Ricin toxicity can occur through ingestion, inhalation, or injection. Most cases of ricin toxicity occur following voluntary or accidental ingestion of castor seeds. The lethal oral dose is estimated to be around one to 20 milligrams per kilogram. About five to six seeds of the castor bean plant are considered lethal in children, while in adults, it about 20 seeds. The clinical presentation usually depends on the route of inhalation. Symptoms usually set in within 12 hours of ingestion and initially may include nausea, vomiting, diarrhea, and abdominal pain. Massive gastrointestinal fluid and electrolyte loss have been described and are complicated by hematemesis and melena and progressing to hepatic failure, renal dysfunction, and death due to multiorgan failure or cardiovascular collapse. Inhalation of aerosol particles between the size of 1 to 5-micrometer diameter can penetrate deep in the lung and cause toxicity. Post inhalation symptoms usually begin immediately or within the first 8 hours and may present as cough, dyspnoea, fever, pneumonia, and pulmonary edema leading to respiratory failure and death. Post injection symptoms may include erythema, induration, the formation of blisters, capillary leak, as well as localized necrosis.[57][58][59][60]

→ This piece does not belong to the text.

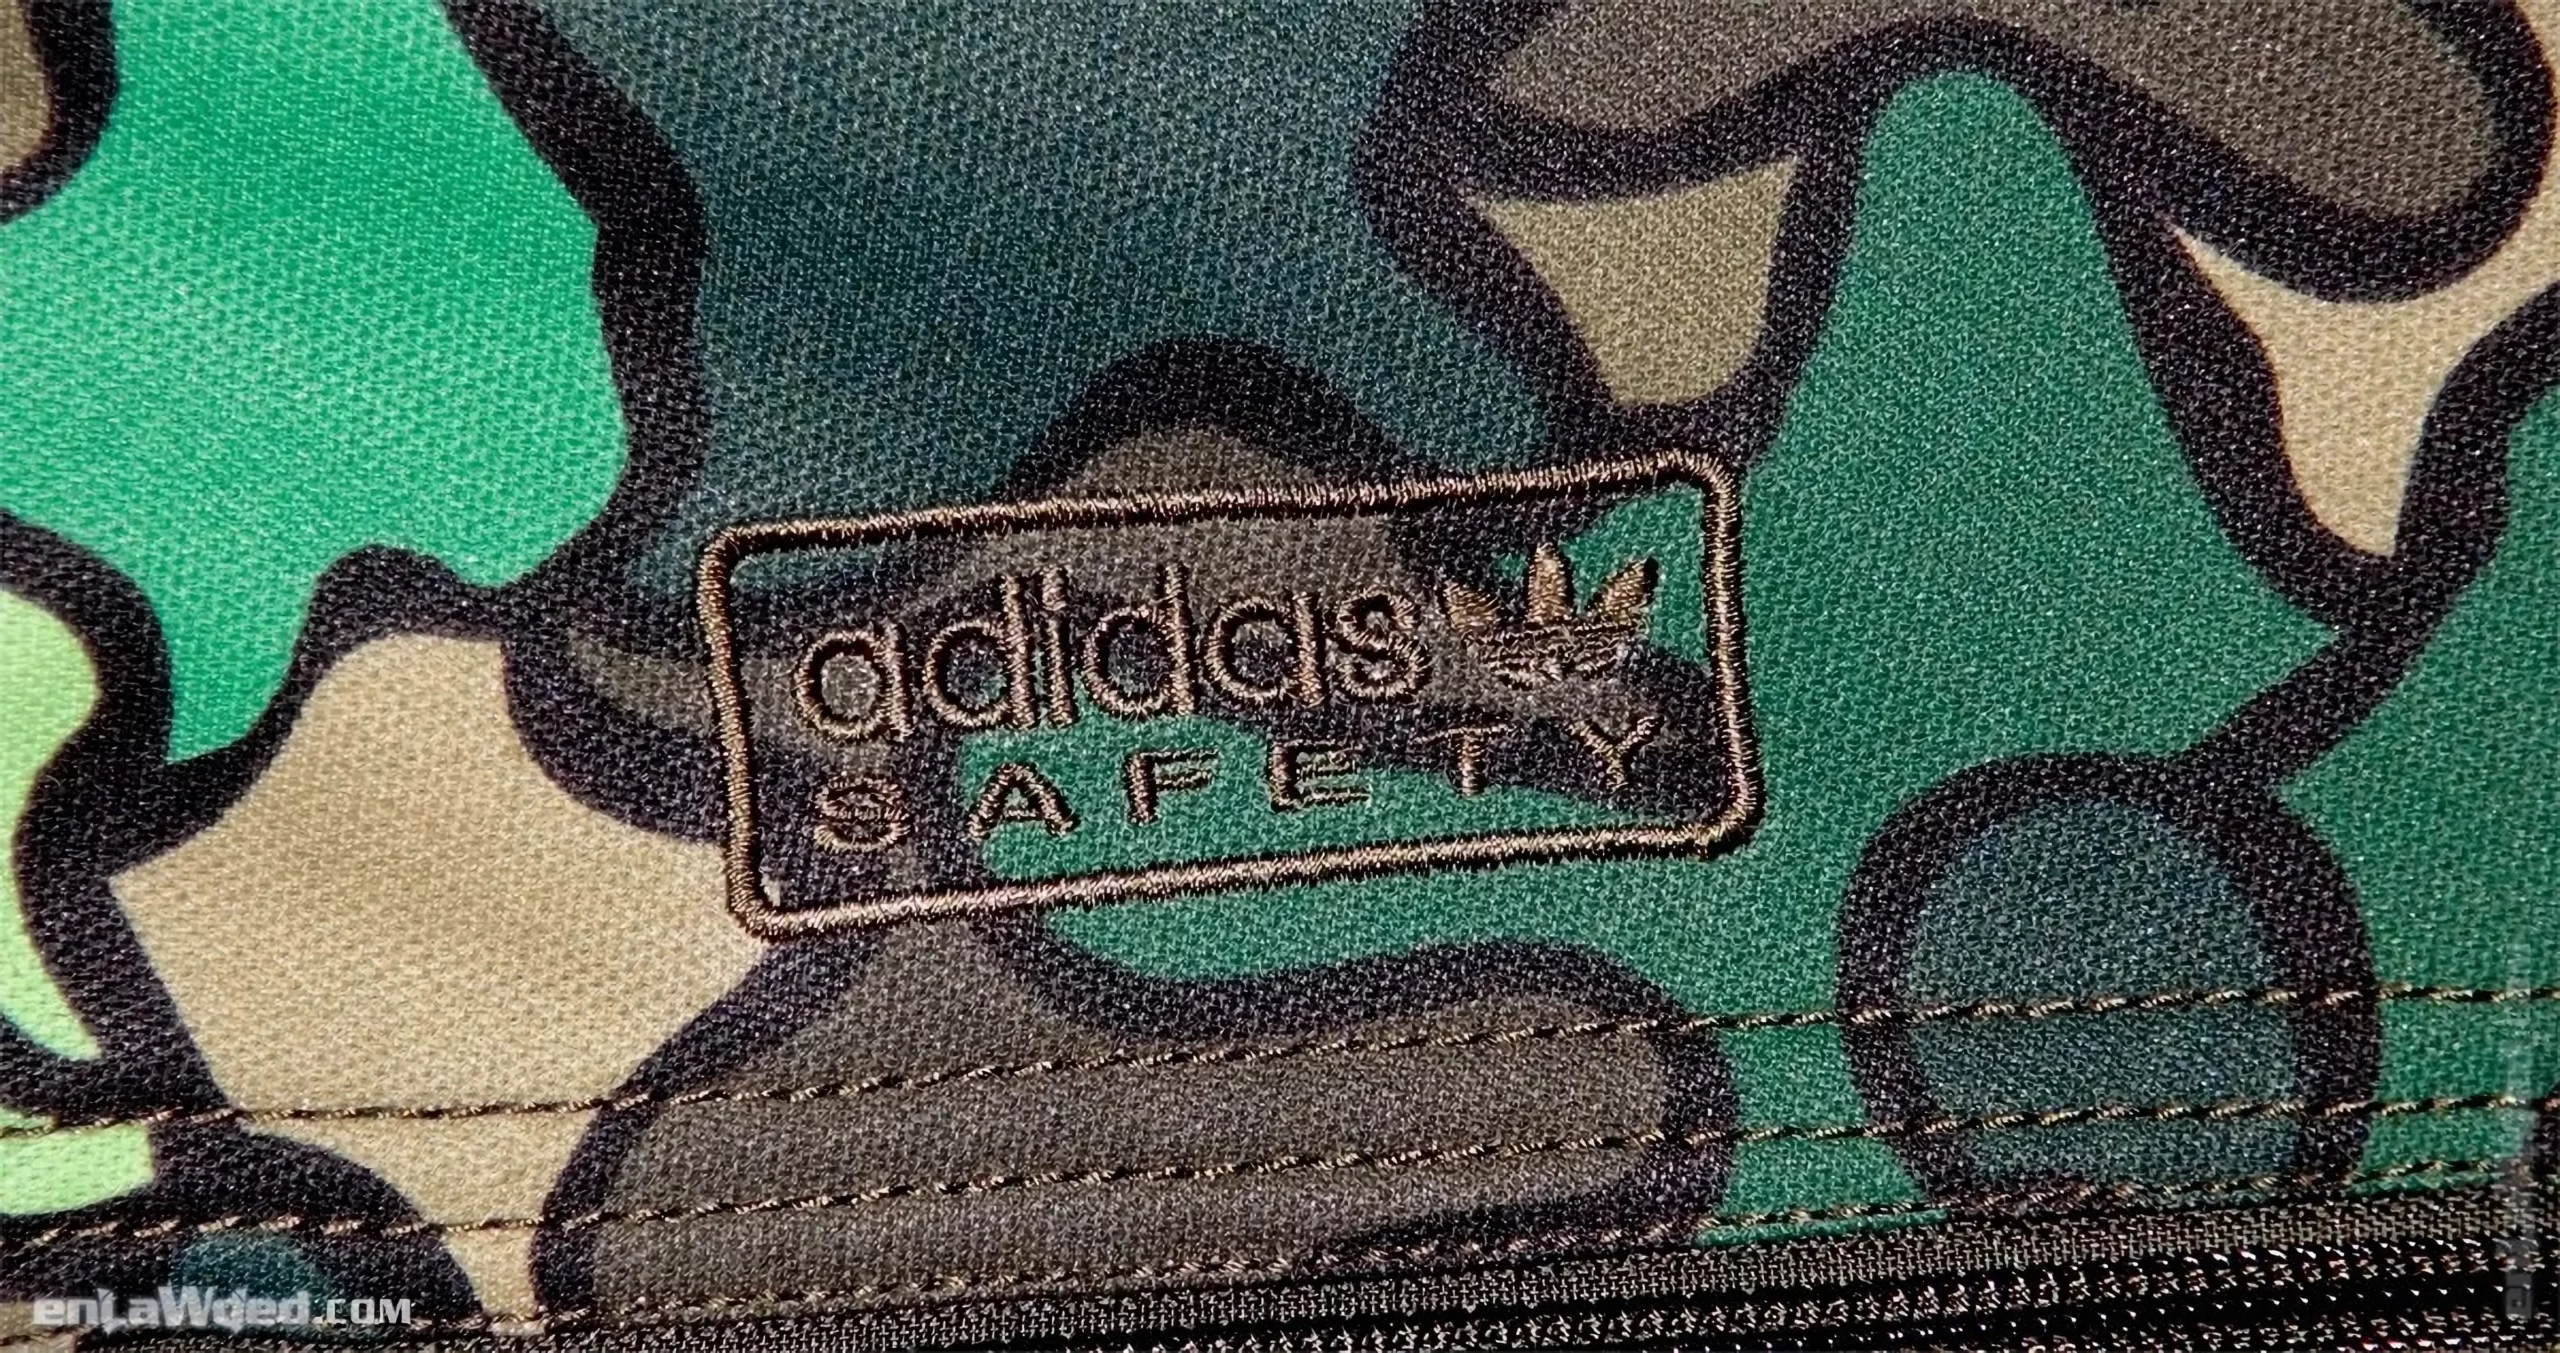 Men’s 2006 Adidas Originals Green Safety Camo Track Top: Resourceful (EnLawded.com file #lmchig7k3zx3aj1l13d)

Investigations and Management

Initial investigations may reveal elevated liver transaminases, amylase, creatinine kinase, electrolyte abnormalities, myoglobinuria, and altered renal function tests. Laboratory detection of the ricin protein depends on immunological assays, liquid chromatography-mass spectrometry, or functional activity assays. Field-based diagnostic tests, including lateral flow assays, provide an effective immunoassay technique for detection.[59][60]

At present, no antidote or specific therapy exists for ricin poisoning or prevention of the illness after exposure. Hence the treatment is largely supportive and involves airway management and positive pressure ventilation in inhalation toxicity cases. Activated charcoal can be considered in patients who present early without emetic symptoms once the airway is secured. Coagulopathy and dyselectrolytemia should be corrected. Other laboratory parameters such as liver function tests and renal function tests should also be closely monitored.[60][61][62]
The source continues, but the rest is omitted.